Le programme « Actions en faveur des familles vulnérables » poursuit simultanément trois objectifs : la protection juridique des majeurs, le soutien à l'exercice des fonctions familiales et parentales, le financement de groupements d'intérêt public dans les domaines de l'adoption internationale et de la protection de l'enfance.
Doté pour 2013 d'environ 245 millions d'euros, ce programme bénéficie d'une augmentation de crédits de 4,6 % par rapport à 2012. Après les coupes budgétaires de ces dernières années, le projet de la loi de finances pour 2013 témoigne ainsi de l'attention nouvelle portée par le Gouvernement à la politique de soutien envers les familles les plus en difficulté.

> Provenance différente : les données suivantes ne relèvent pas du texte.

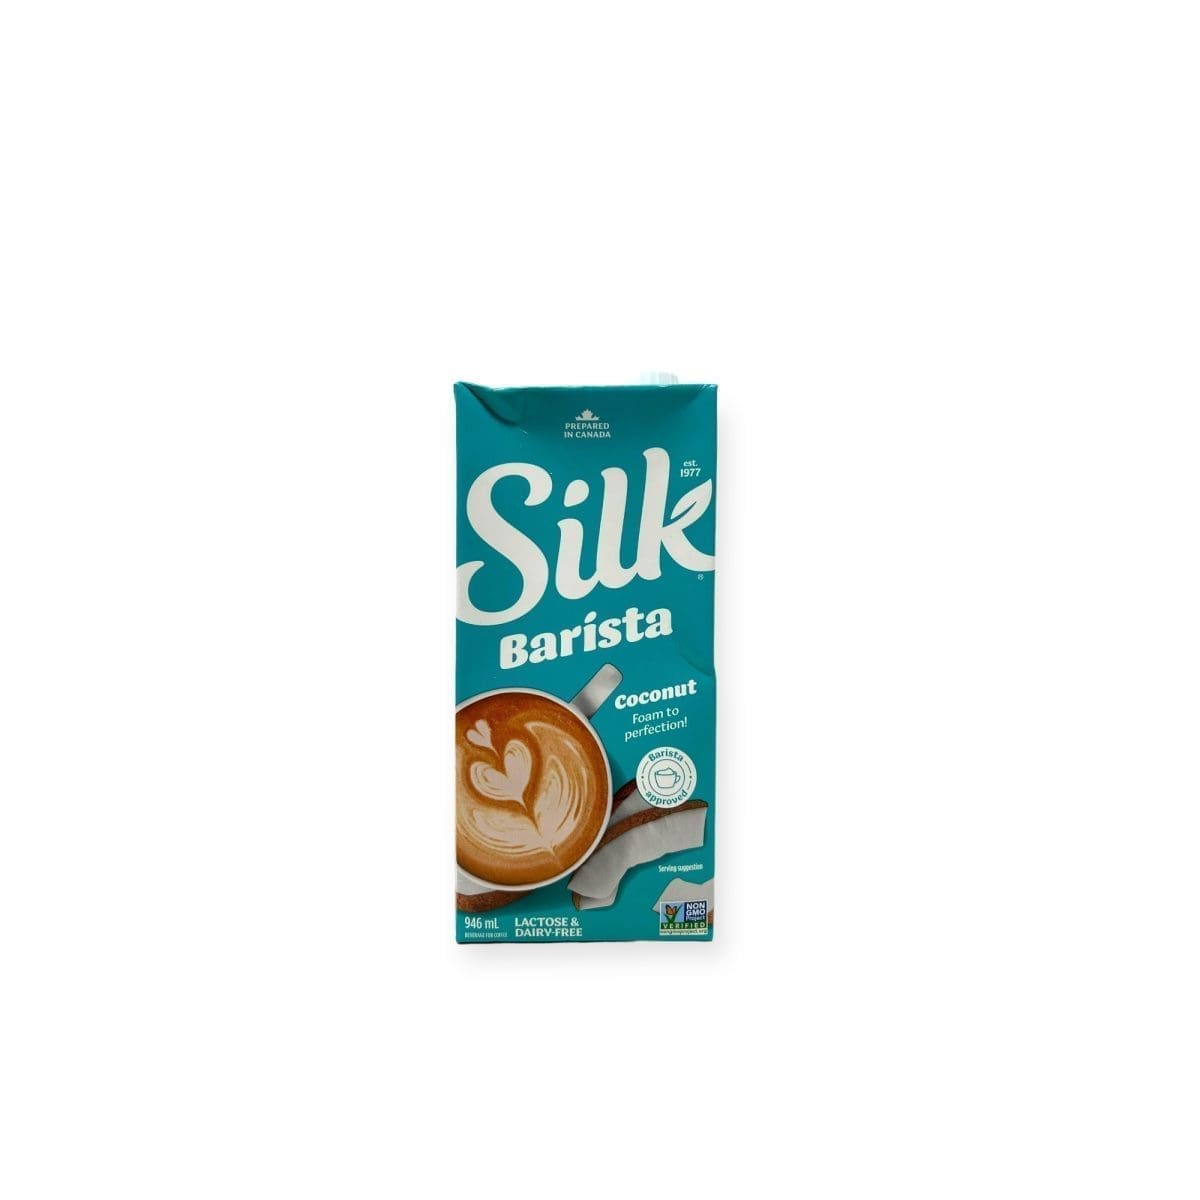 Silk Barista Coconut (946mL)

Je regrette cependant que, cette année encore, aucune subvention de l'Etat au fonds national de financement de la protection de l'enfance (FNPE) ne soit budgétée au sein de ce programme, alors que l'aide sociale à l'enfance représente une charge croissante pour les départements.
Plus petit programme de la mission, celui consacré à l'« Egalité entre les femmes et les hommes » bénéficie lui aussi d'une nouvelle dynamique, liée à la création d'un ministère de plein exercice dédié aux droits des femmes. Ses crédits augmentent de 3 millions d'euros par rapport à 2012, pour atteindre 23,3 millions. Cette hausse s'explique principalement par la création d'un fonds de financement d'expérimentations en faveur de l'égalité entre les femmes et les hommes, dont on peut toutefois regretter qu'il capte une partie des financements destinés à des actions de promotion déjà mises en place.
Le nouvel élan politique impulsé en matière de droits des femmes se traduit aussi par l'arrêt de la baisse des subventions aux associations nationales : 3,5 millions d'euros leur seront versés l'année prochaine.
Quant au programme « Conduite et soutien », qui porte l'ensemble des moyens de fonctionnement des administrations sociales, il voit ses crédits augmenter de 5 %, principalement à destination du financement des agences régionales de santé.
Au final, les crédits 2013 de la mission « Solidarité, insertion et égalité des chances » traduisent la volonté du Gouvernement de conduire une politique de solidarité et de justice sociale, tout en poursuivant l'objectif de redressement des comptes publics. Je vous propose donc de donner un avis favorable à leur adoption, ainsi qu'aux articles rattachés.